Showing posts with label break up. Show all posts
Showing posts with label break up. Show all posts

Tuesday, June 24, 2008

Guilt? Oh yeah... here it is...(written while chatting with Jared online)

Well, you should all be thankful I'm not listening to Blue October. That would have some negative affects here...

Contemporary Christian (of all sorts; rock, that typical pop-ish stuff, or poppy worship songs.... ) really does do wonders. If I would pay attention to the lyrics.

I don't think I'm doing what God would want me to right now... am I guilting Jared, or... just making him angrier? Probably one... or both... or the other. I'm just... I was being honest. I do regret this. I regret it so much. I regret my cheesy email, I regret telling him that I was beating myself about this... but am I really? Or am I just one of those 'effing lies' in his stat message?

I don't even know anymore.

I had stupid reasons, stupid, stupid, stupid freaking reasons that just... *sigh*

Maybe he's calming down now... I hope so. At least a little bit.
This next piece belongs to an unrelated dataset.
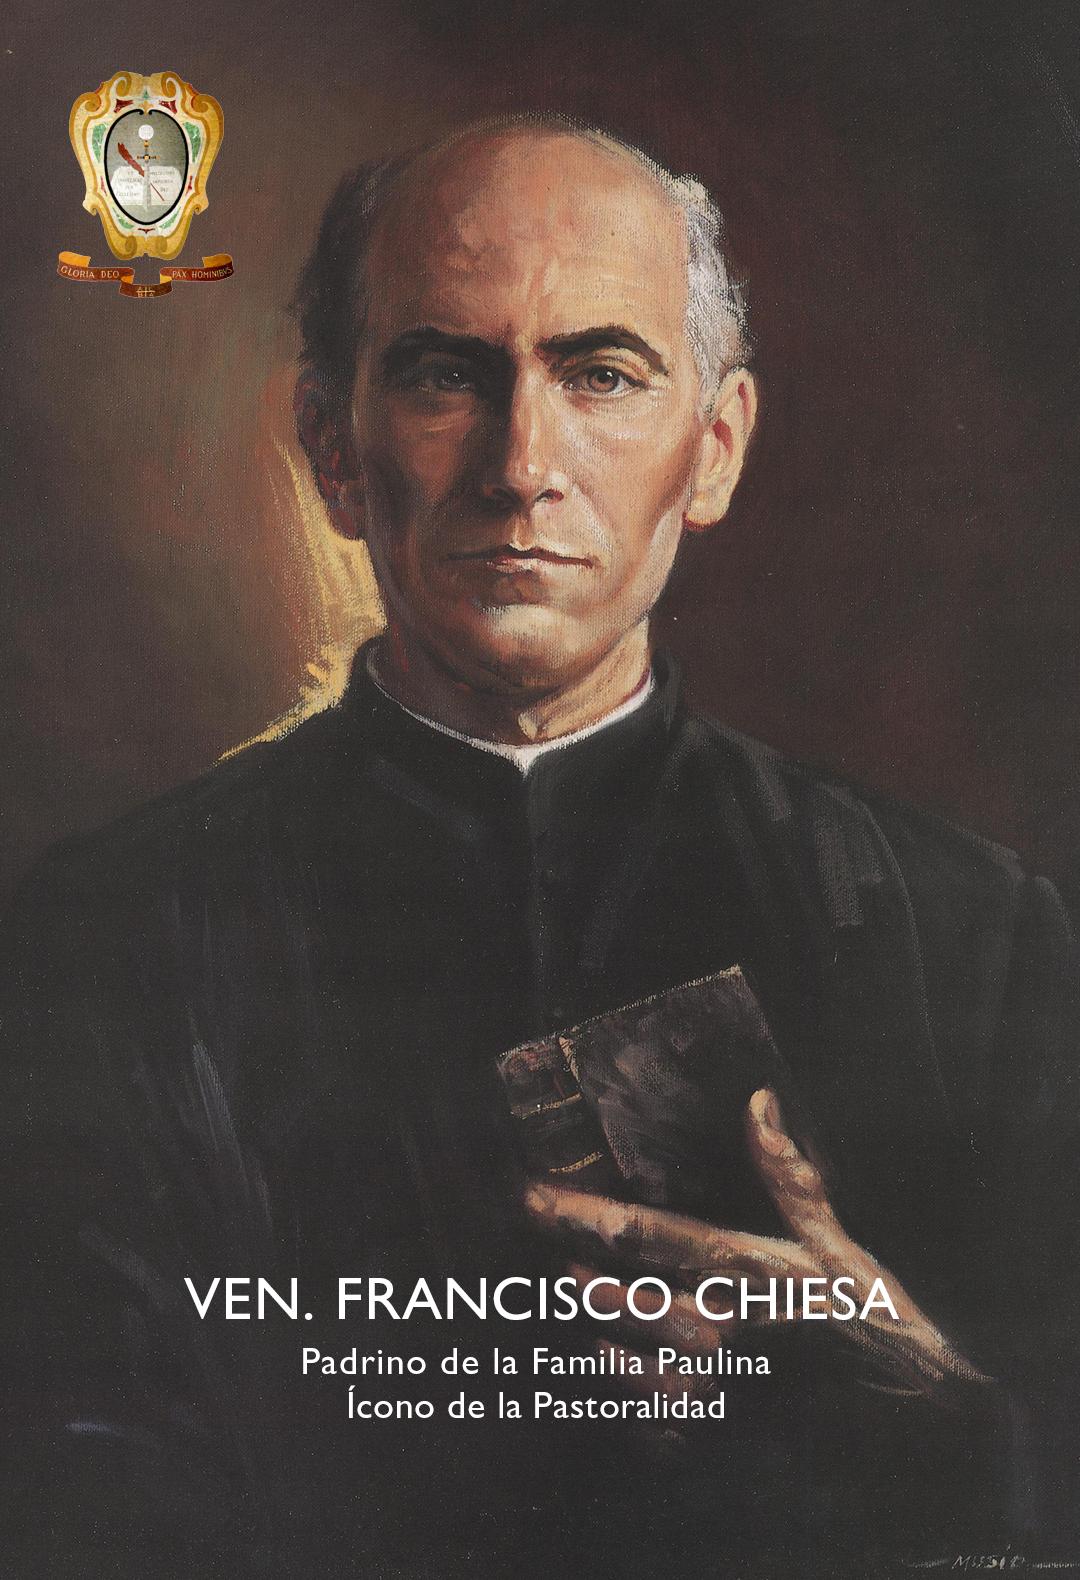 Venerable Canónigo Francisco Chiesa

I can tell that he doesn't hate me... he's just... angry...

And now he's calmer. Thank goodness...

But... I'm still guilty, but, shamefully, I admit, I'm relieved. That he's calmed down. Even if I sort of deserved this... no, I did deserve it. Or... oh, whatever.

*sigh*

I really hope things get better... if not this summer, at least some time. I'll pray for him... and everyone else, still.